After spatial alignment, the layers are combined to generate the input dataset. This dataset is divided into 80% for training and 20% for testing. To evaluate model performance, a cross-validation scheme was applied to the training set. Subsequently, the metrics were estimated on the test set. This procedure allowed for the quantification of predictive capacity using widely accepted indicators in spatial modeling: overall accuracy, sensitivity, specificity, precision, F1 score, balanced accuracy, and the Kappa coefficient. Together, these metrics facilitate the evaluation of both the model’s overall performance and its ability to accurately distinguish between stable areas and areas undergoing transformation.

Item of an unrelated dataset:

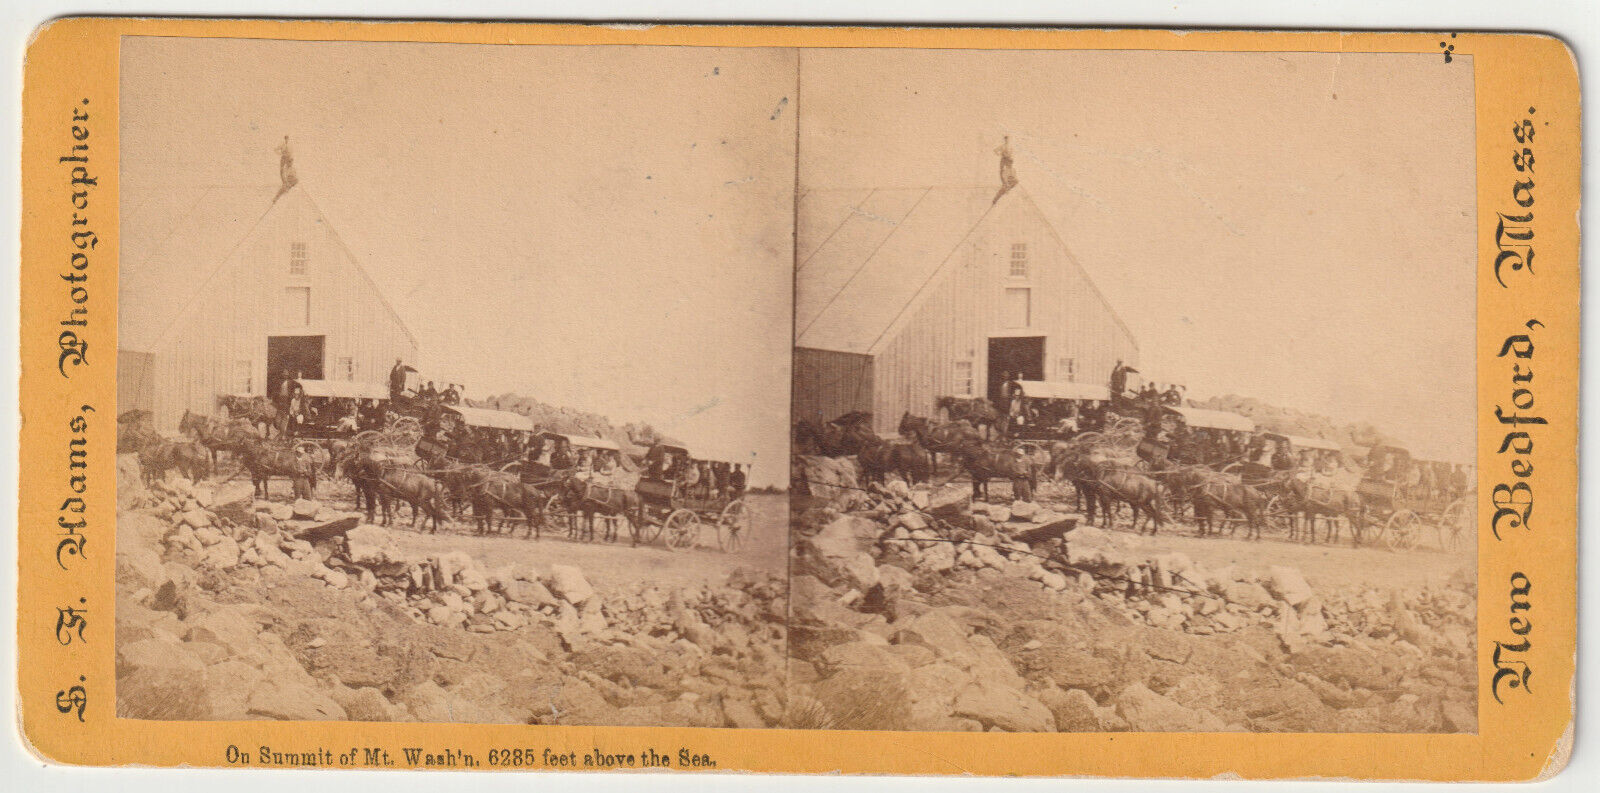 TIP TOP HOUSE - TEAMS OF HORSES/WAGONS/ PEOPLE - MT WASHINGTON - WHITE MOUNTAINS

The applied models (
,
, and
) facilitate the generation of probability maps and the analysis of the importance of variables, coefficients, significance, and odds ratios associated with land-use changes. To be precise, a complete algorithm is formally presented and explained in
Appendix A: Algorithm A1 (input, step 1 and step 2) and Algorithm A2 (step 3, step 4, step 5, step 6 and output).
3.1. Data
The study area corresponds to the Bellavista neighborhood, located in the city of Tomé, Chile. This urban enclave of industrial origin preserves a significant collection of heritage buildings linked to the former textile industry. The territory has undergone substantial transformations in its urban morphology, driven by deindustrialization, real estate pressure, and the reconfiguration of public spaces. Due to its high concentration of historically significant elements and the intensity of recent dynamics of change, Bellavista constitutes a representative case for analyzing land-use transition patterns in heritage urban contexts.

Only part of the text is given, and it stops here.